My vote would be Port Acara (http://www.cichlid-forum.com/profiles/s ... hp?id=2344) but I could be totally wrong.


----------



## Chromedome52 (Jul 25, 2009)

Same photos of the fish are in another thread started under a different name. I'm pretty sure it is ex_Cichlasoma atromaculatum_, a very unique looking species; I had to double check a few photos, and even then I'm not certain. I do hope there is more than the one fish, these are very rare and need to be bred.


----------



## mrs.som (Nov 14, 2009)

Chrome...no kidding it is rare, can barely find pictures of them...looks like they are also known as "Amphilophus atromaculatus" as well. That would be cool if it is cause they are quite pretty!


----------



## bernie comeau (Feb 19, 2007)

I have serious doubts that it is exCichlasoma atromaculatum, as this fish lacks that species very distinctive markings. Markings that are actually peculiar to that species. Most notably the black spot on the anal fin is absent, amongst other markings. I have doubts if a red eye would fit with that species either.

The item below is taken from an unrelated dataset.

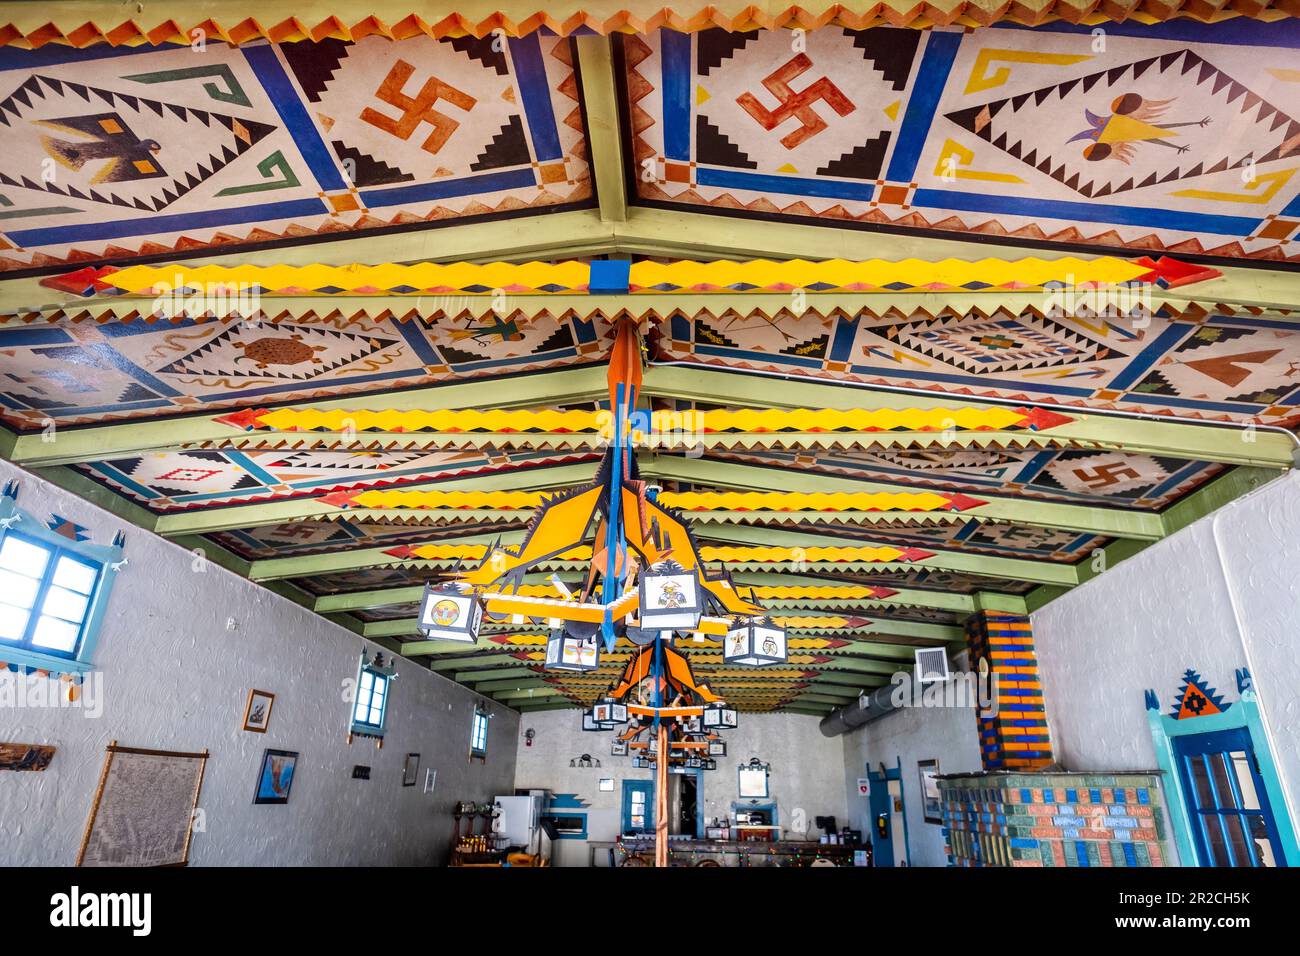 Mountainair, New Mexico - disegni colorati presso lo storico Shaffer Hotel. La svastika fu adattata dai nativi Americani come simbolo di rinascita. Foto Stock

I think it might be an Austroloheros species. Possibly Austroloheros sp. "red ceibal".


----------



## dwarfpike (Jan 22, 2008)

bernie comeau said:


> I think it might be an Austroloheros species. Possibly Austroloheros sp. "red ceibal".


That was my first instinct upon seeing it.

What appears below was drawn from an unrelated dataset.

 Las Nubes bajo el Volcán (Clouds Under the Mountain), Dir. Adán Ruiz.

The snout looks too rounded for ex_Heros atromaculatum_ in addititon to other things *bernie* mentioned.


----------



## SinisterKisses (Feb 24, 2004)

As I also mentioned in the other thread...looks like a red ceibal to me.


----------



## jimchan (May 27, 2010)

While it is different from my aequidens tetramerus (thanks to bernie comeau for helping me with the identificaiton!), I think they make good relatives to each other.

http://www.flickr.com/photos/jim-chan/s ... 025104683/


----------